Problem description —
Could you give back the records exactly, taking out the pictures?

#### Material for the task ####

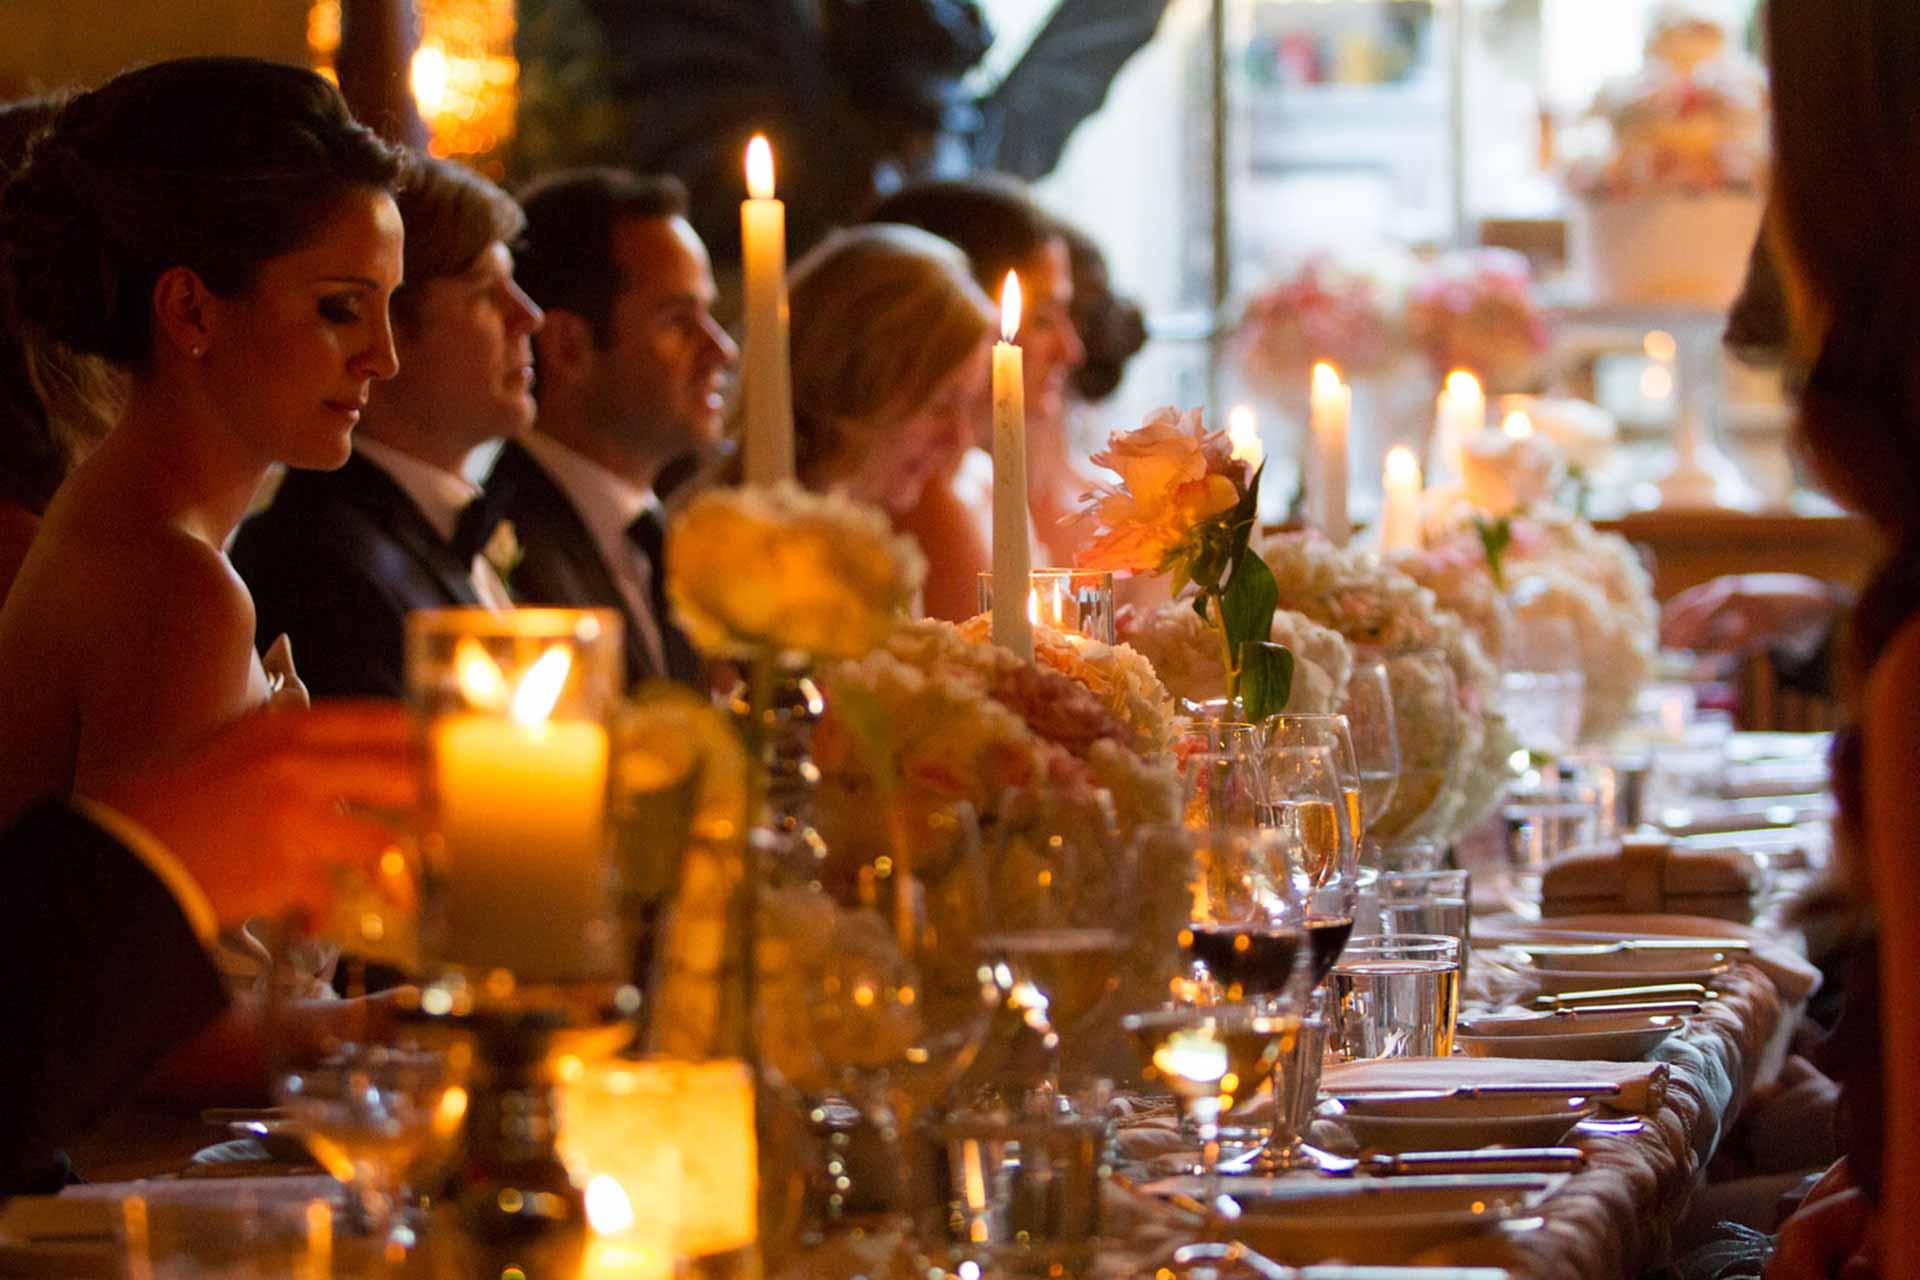 Toronto Wedding Venue - Elegant Restaurant Reception - Tablescape
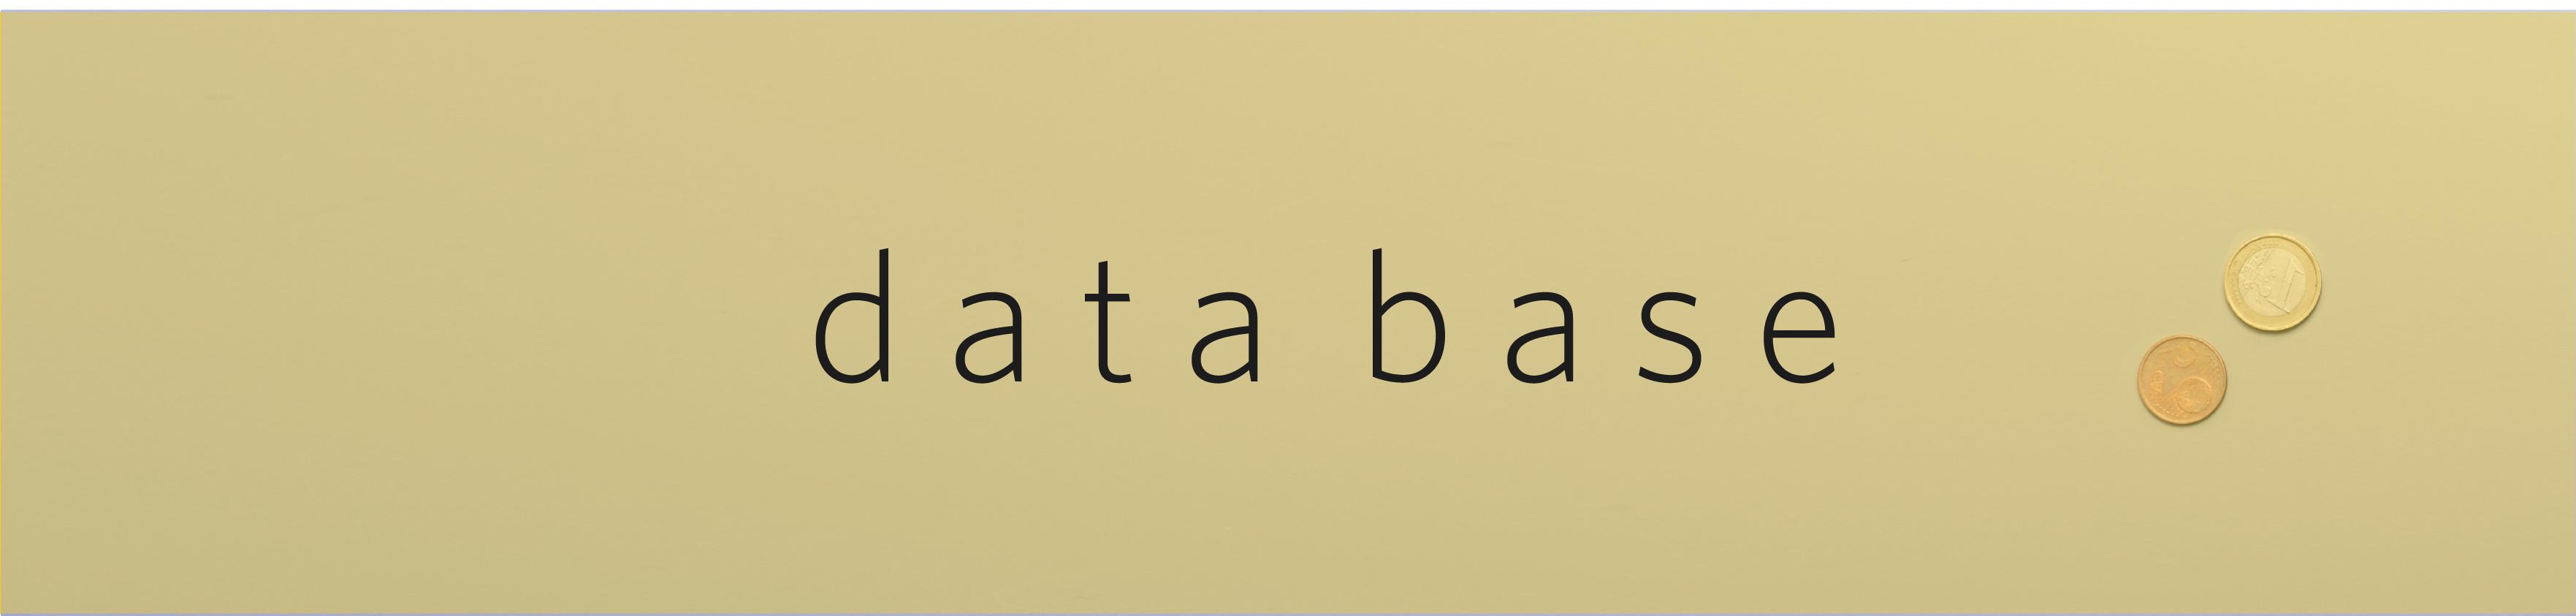 Data Base _ Banner@3x.png
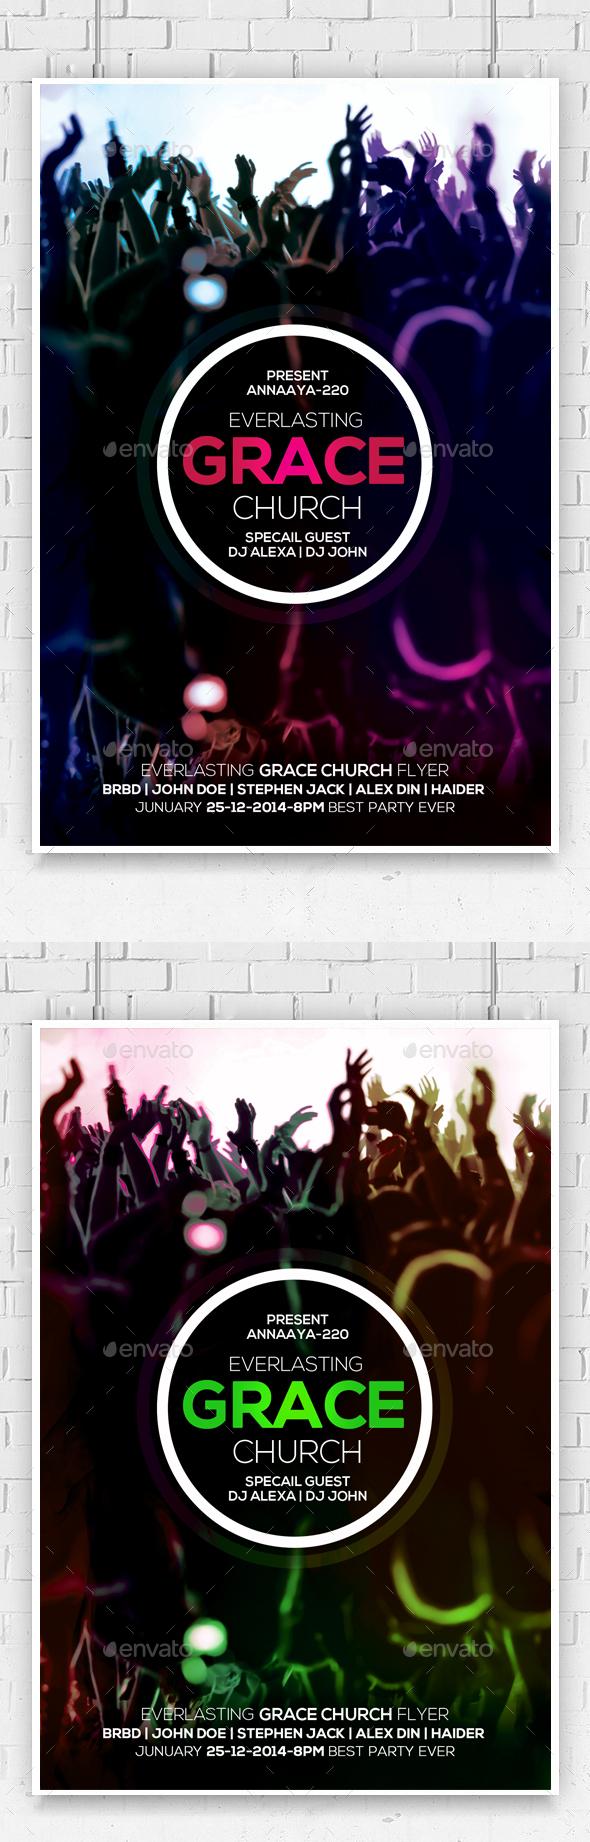 Everlasting Grace Church Flyer  - Church Flyers
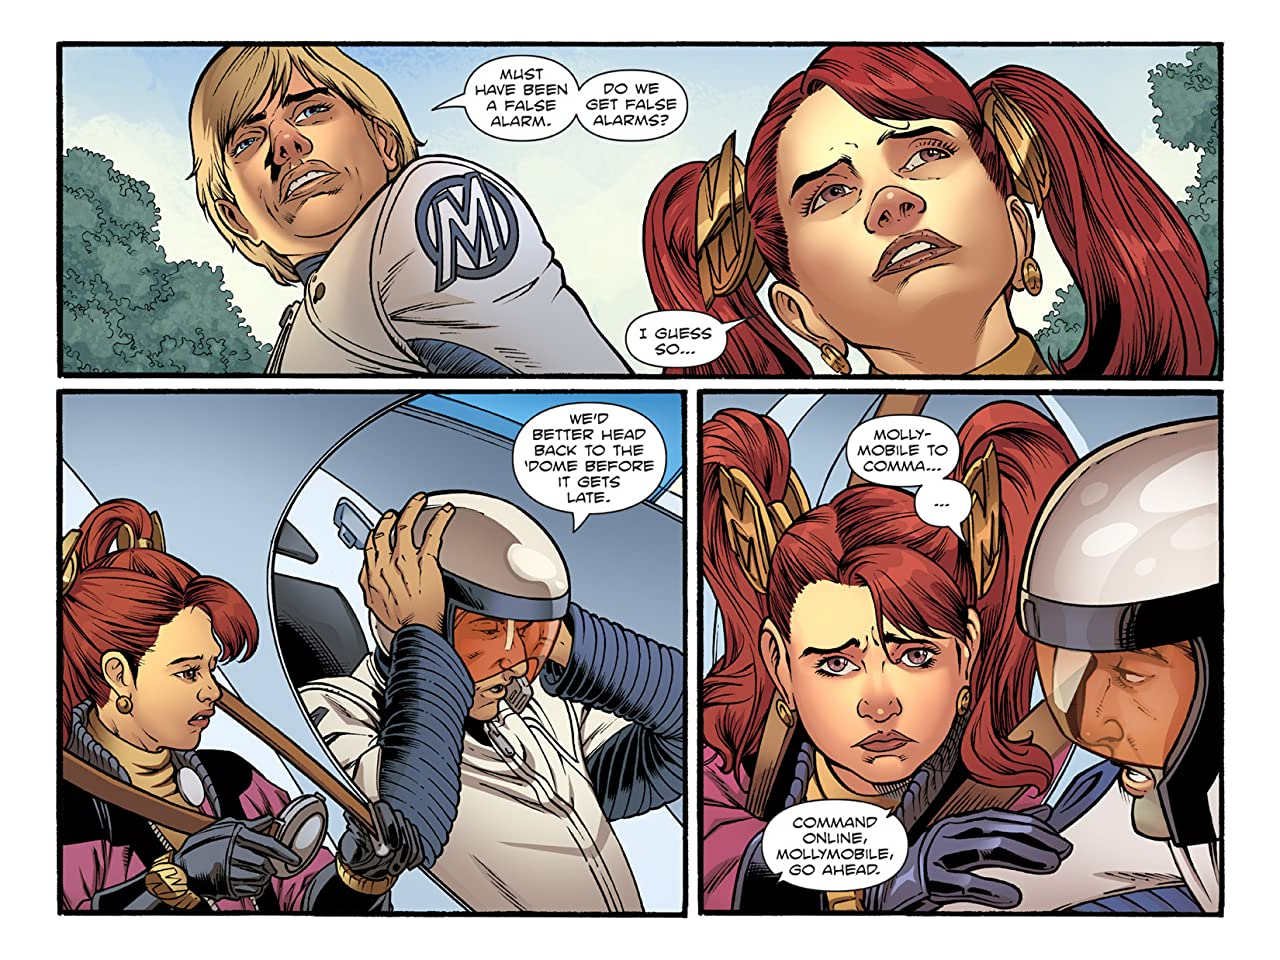 Molly Danger: Digital #4
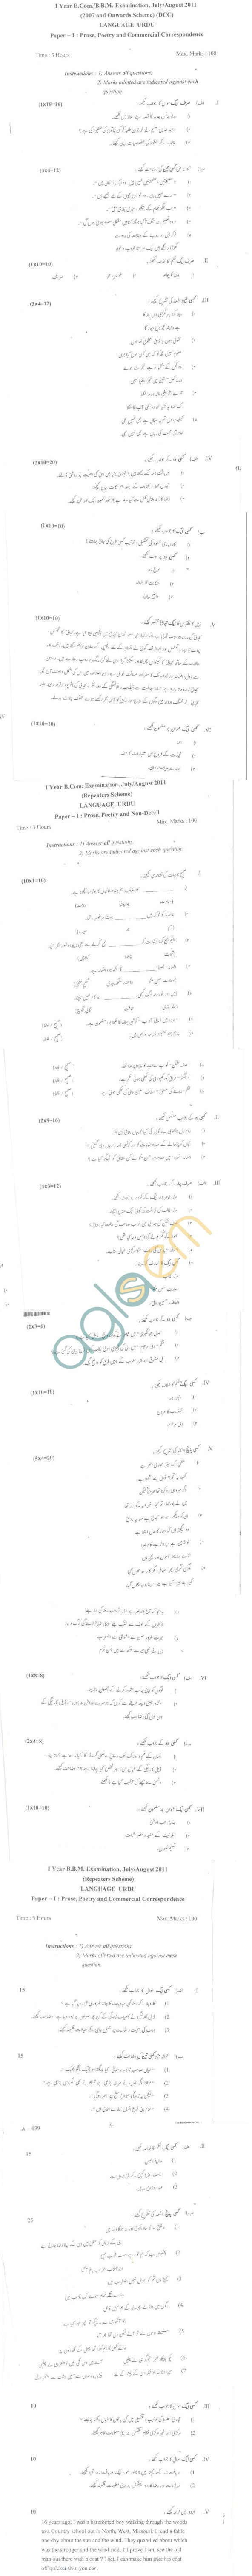 Bangalore University Question Paper July/August 2011 I Year B.Com./BBM Examination - Urdu
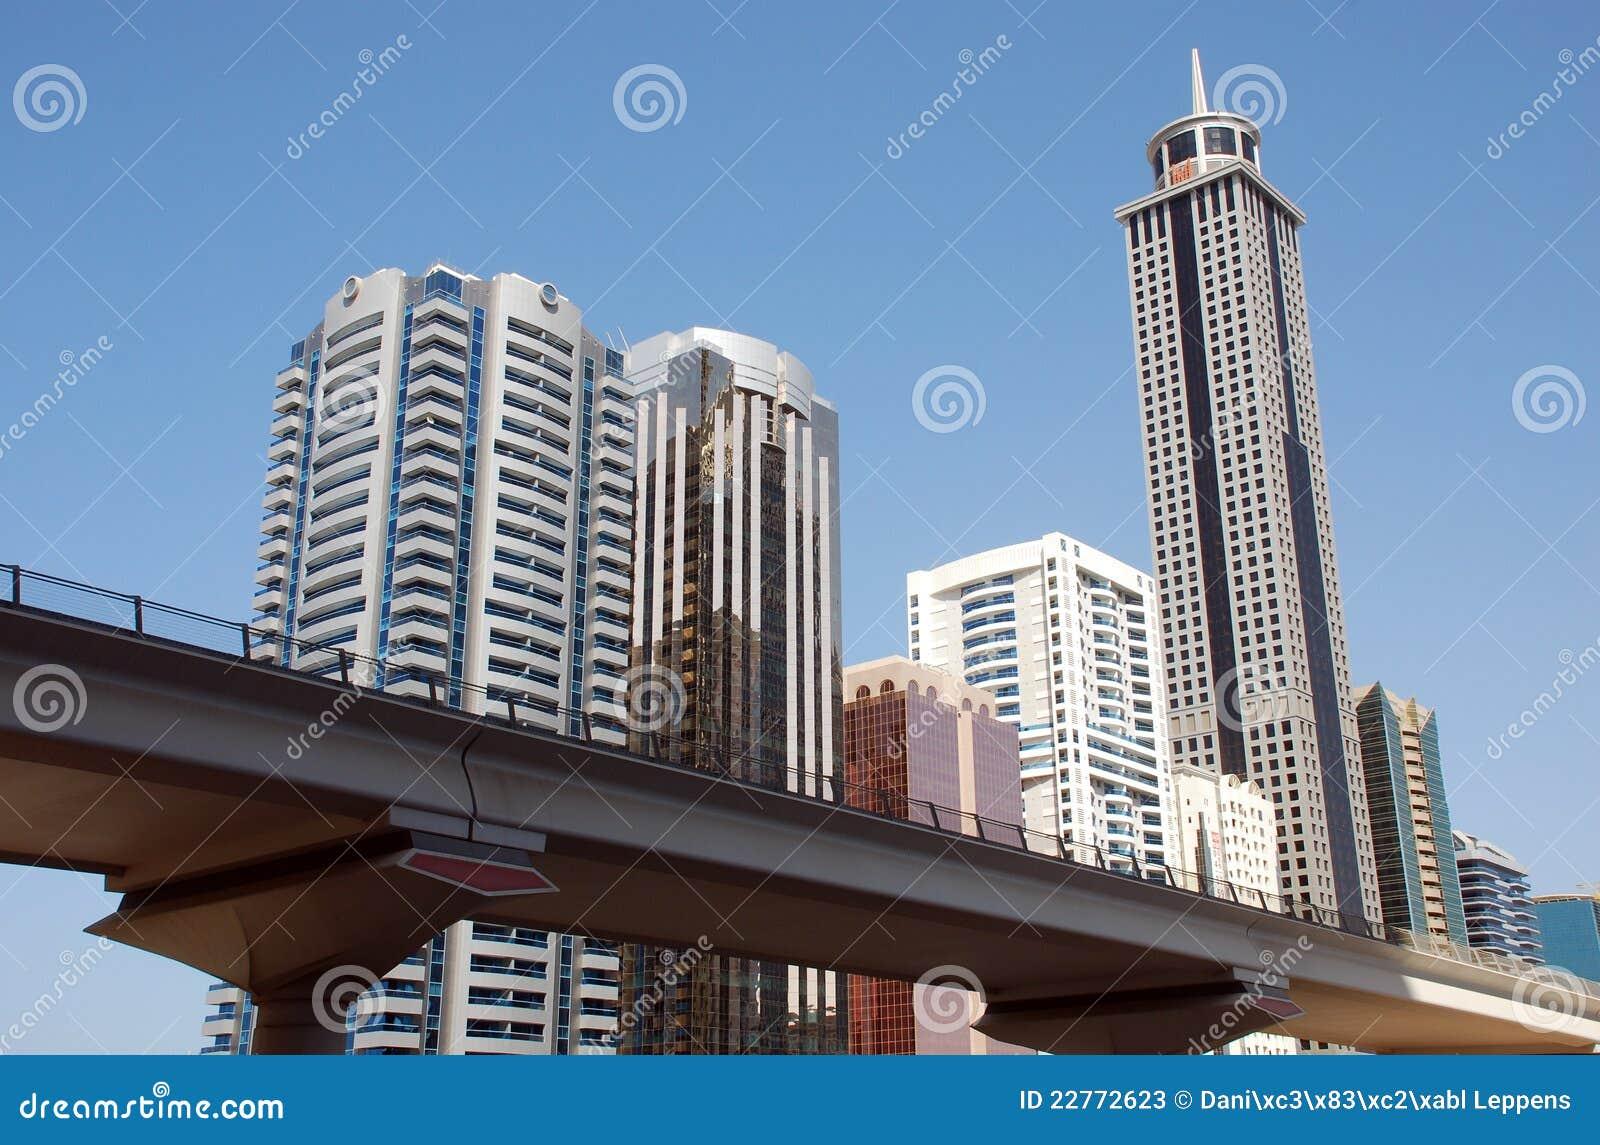 Modern architecture stock photos image 22772623 for Dubai architecture moderne

####

Exercise output —
 Toronto Wedding Venue - Elegant Restaurant Reception - Tablescape
 Data Base _ Banner@3x.png
 Everlasting Grace Church Flyer  - Church Flyers
 Molly Danger: Digital #4
 Bangalore University Question Paper July/August 2011 I Year B.Com./BBM Examination - Urdu
 Modern architecture stock photos image 22772623 for Dubai architecture moderne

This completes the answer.